Kate's first album to hit number one (only in the UK though: she was still pretty much unknown in the USA), this was also the first album she produced herself (although with help), something that would continue through all her albums to date as she took more control over her music. It features three hit singles, two of which cracked the top twenty (again, only in the UK) and one of which went to number five, her biggest success since “Wuthering Heights”.

Review begins

A dark piano opens up “Babooshka”, one of the hit singles, the one that went to number five, and it features a bewitching performance from Kate on vocals, with some pretty hard guitar and a great driving rhythm in a kind of folk style at time, fretless bass provided by John Giblin. The song is the tale of a woman trying to test her husband's fidelity by presenting herself in disguise to him as a rival for her affections, through letters. I suppose, to some degree, similar in theme to Rupert Holmes's “Escape”. The song features the sound of what sounds like glass breaking, perhaps meant to symbolise either the woman's breaking heart as she realises, as the husband falls for “the other woman”, that she has outmanoeuvred herself, or her hurling crockery and things in a temper. Oddly, Kate revealed that at the time she wrote the song she didn't realise that the word was a Russian term for a grandmother. A similar percussive line to “In the air tonight” gets “Delius” underway, with what I think is the first male vocal on a Kate Bush album – I don't know if it ended up being the last one. Certainly she did not use male voices much, if at all, in her music. The tune itself is a nice kind of soft rippling thing, again driven on bright piano but with the vocals at times almost snarled by the male voice, which belongs to none other than Ian Bairnson, the guitarist from the Alan Parsons Project who has at this point been on both of her albums. Here though he only provides the vocals on this track, guitar duties being taken by Brian Bath and Alan Murphy.

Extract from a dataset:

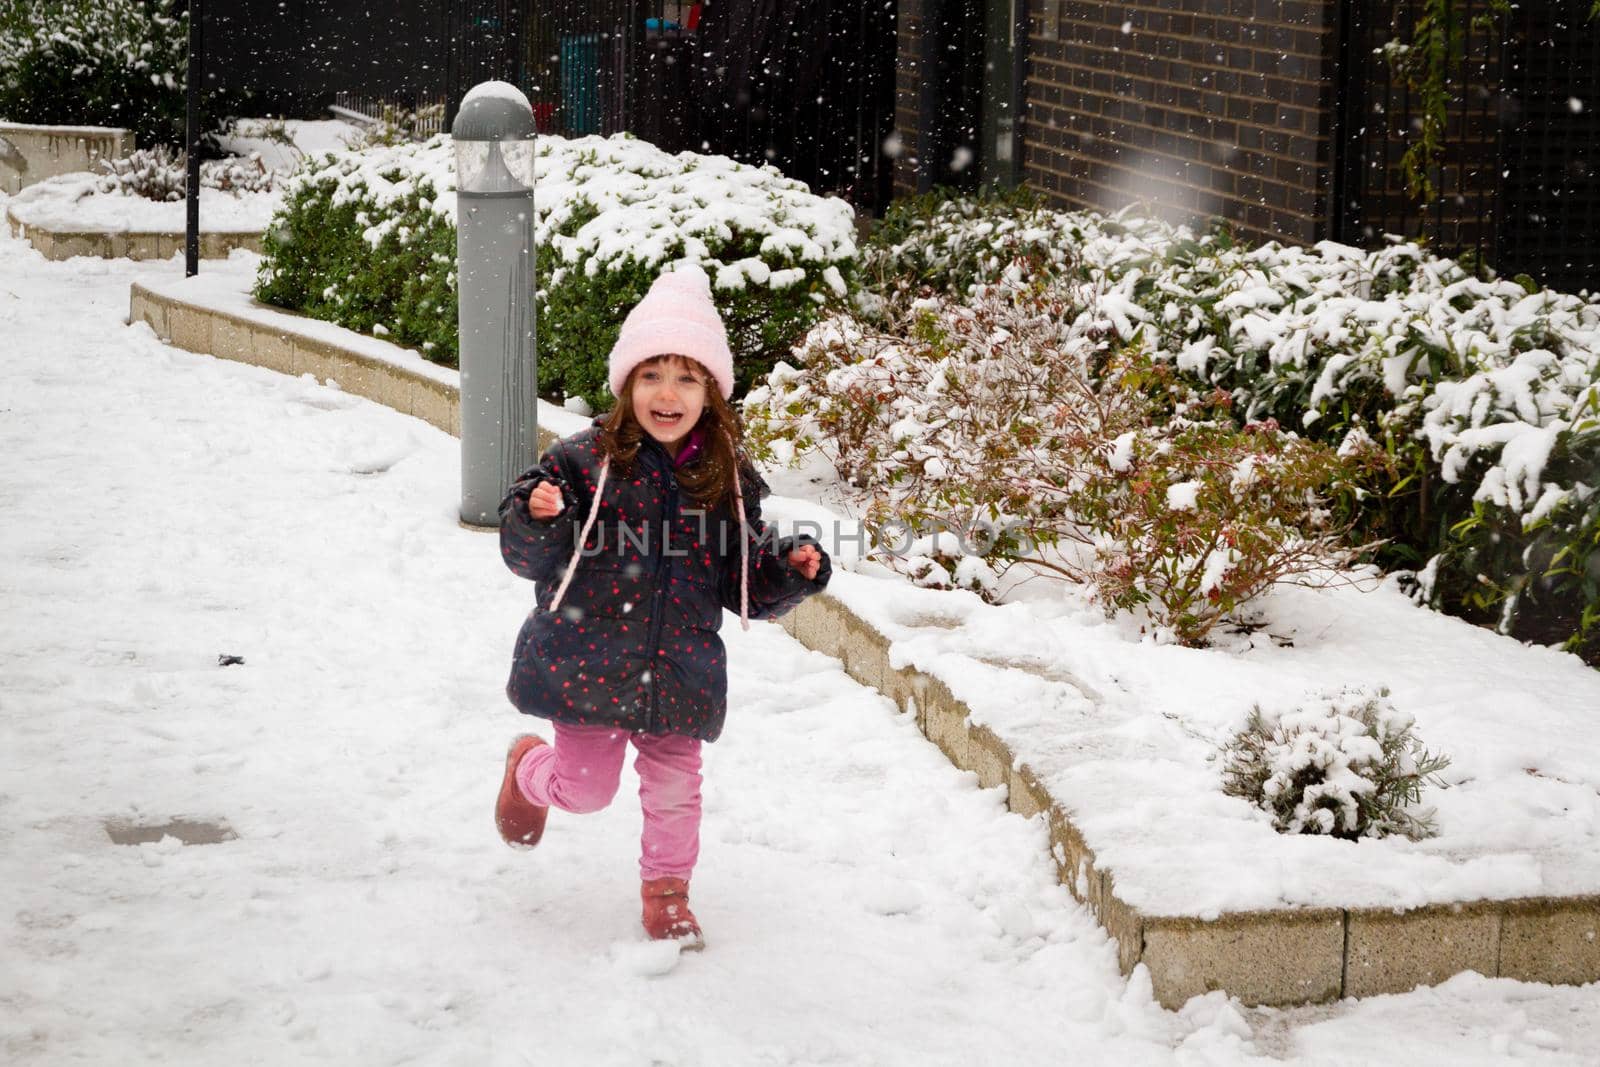 A cute, blue-eyed, brown-haired girl wearing a pink hat and ablue coat running in the snow

“Blow away” is a sort of prayer for one of her engineers who died in an accident, and has an almost gospel chorus with some lovely orchestral arrangements, quite sad but almost celebratory in its own way, while whistling flute and violin complement the piano on “All we ever look for” with a kind of pizzicato rhythm, more male backing vocals, this time from Gary Hurst and Andrew Bryant, and the song ends on a rather odd effect of what sounds like Kate walking out of the room in which the music is playing (it fades down as she closes the door) and a whistle. Odd little song, can't say I like it all that much. “Egypt” then has a suitably eastern melody, though it sounds like there are uileann pipes in there, and rather oddly a piano run which sounds eerily similar to later Deacon Blue hit “Real gone kid”!

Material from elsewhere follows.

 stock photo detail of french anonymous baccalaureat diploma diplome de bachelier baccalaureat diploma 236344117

A much more uptempo and forceful affair, “The wedding list” has some fine violin and I think harmonica, with Kate almost channelling Lene Lovich at times (!) and the song sounds like it may be a tale of revenge (I'm pretty sure she mentioned it in the lyric, but I'm too lazy/busy to look it up), with again some really nice work from the Martyn Ford Orchestra. I had, I admit, expected “Violin” to be an atmospheric ballad on, well, violin, but it turns out to be Kate's attempt to move on from Lovich and on to Sioxsie Sioux! Totally madcap and full of energy, giving the guitarists a chance to rock out, even rack off a solo, but I'm not that fond of it. “The infant kiss” is another nice ballad with a sort of lullabye feel to it, some of the piano a little discordant, and violin coming in here too, very effective, while “Night scented stock” is barely a minute long, leading into “Army dreamers”, a waltz rhythm defining one of her other hit singles and again featuring male backing vocals. I always feel that Kate sounds totally Irish on this; maybe it's the accent she uses, I don't know. The final single, “Breathing”, displays Kate's amazing creativity and versatility in terms of subject matter, as she takes on the persona of an unborn foetus, worrying about the world it is going to be born into. The longest track on the album, it's accompanied by dramatic piano and mournful violin and has a dark, apocalyptic feel to it, perhaps an odd one to end the album on, an even odder choice for a single, but a great song and one that showed Kate was serious about her music.

Track listing and ratings

Babooshka
Delius
Blow away

All we ever look for
Egypt
The wedding list

Violin
The infant kiss
Night scented stock
Army dreamers
Breathing


Afterword:

I'd say a definite step forward for Kate, compared to her last two albums. Still not blowing me away, but some really powerful material here and a marker for how much of a force she was going to become in music, and what an icon she would represent for women trying to make it in what was still very much a man's world.